# loaches vs dwarf cichlids



## pleco_cory_fan (Oct 2, 2006)

Lupin and me are having a little debate to see which ones are better and we were just wondering which ones you guys like more so what your choice?


----------



## Gump (Oct 26, 2006)

Easy for me.


----------



## Amphitrite (Sep 8, 2006)

Sorry - I can't vote. I love both!


----------



## The-Wolf (Mar 15, 2007)

I'm with Lupin
got to be loaches, such a diverse group of fish and owning every species of loach probably won't be possible in anyone lifespan, the same can't be said for the very small group of dwarf cichlids.


----------



## leifthebunny (Mar 13, 2007)

I'm for dwarf cichlids. They are touchier, but prettier.


----------



## Lupin (Aug 2, 2006)

kateyoup said:


> Sorry - I can't vote.

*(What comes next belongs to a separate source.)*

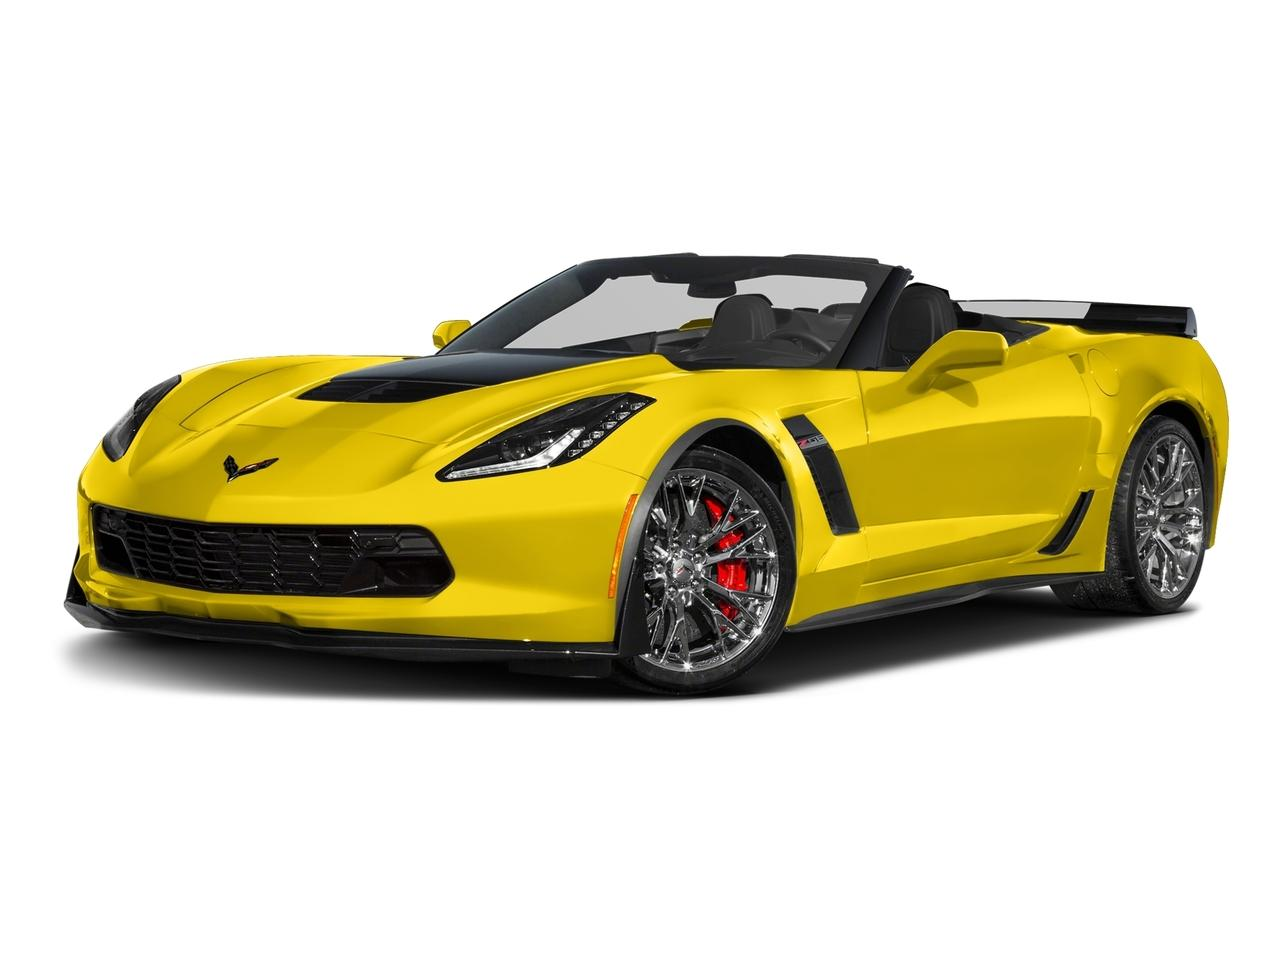 2017 Chevrolet Corvette Vehicle Photo in GREENSBORO, NC 27405-6904

I love both!


Which ones did you keep?:wink2: Vote for loachies!!!


----------



## lioness501 (Jan 9, 2007)

im with loaches, i have 4 kuhlis and 2 horse faced, i think they r amazing!tho the cichlids r pretty too


----------



## Daz (Sep 20, 2006)

Cics, Cics, Cics, Cics, Cics, Cics, Cics, Cics, Cics, Cics, Cics, Cics, Cics, Cics, Cics, Cics, Cics, Cics, Cics, Cics, Cics, Cics, Cics, Cics, Cics, Cics, Cics, Cics, Cics, Cics, Cics, Cics, Cics, Cics, Cics, Cics, Cics, Cics, Cics, Cics, Cics, Cics, Cics, Cics, Cics, Cics, Cics, Cics.

I think you get the idea! :wink:


----------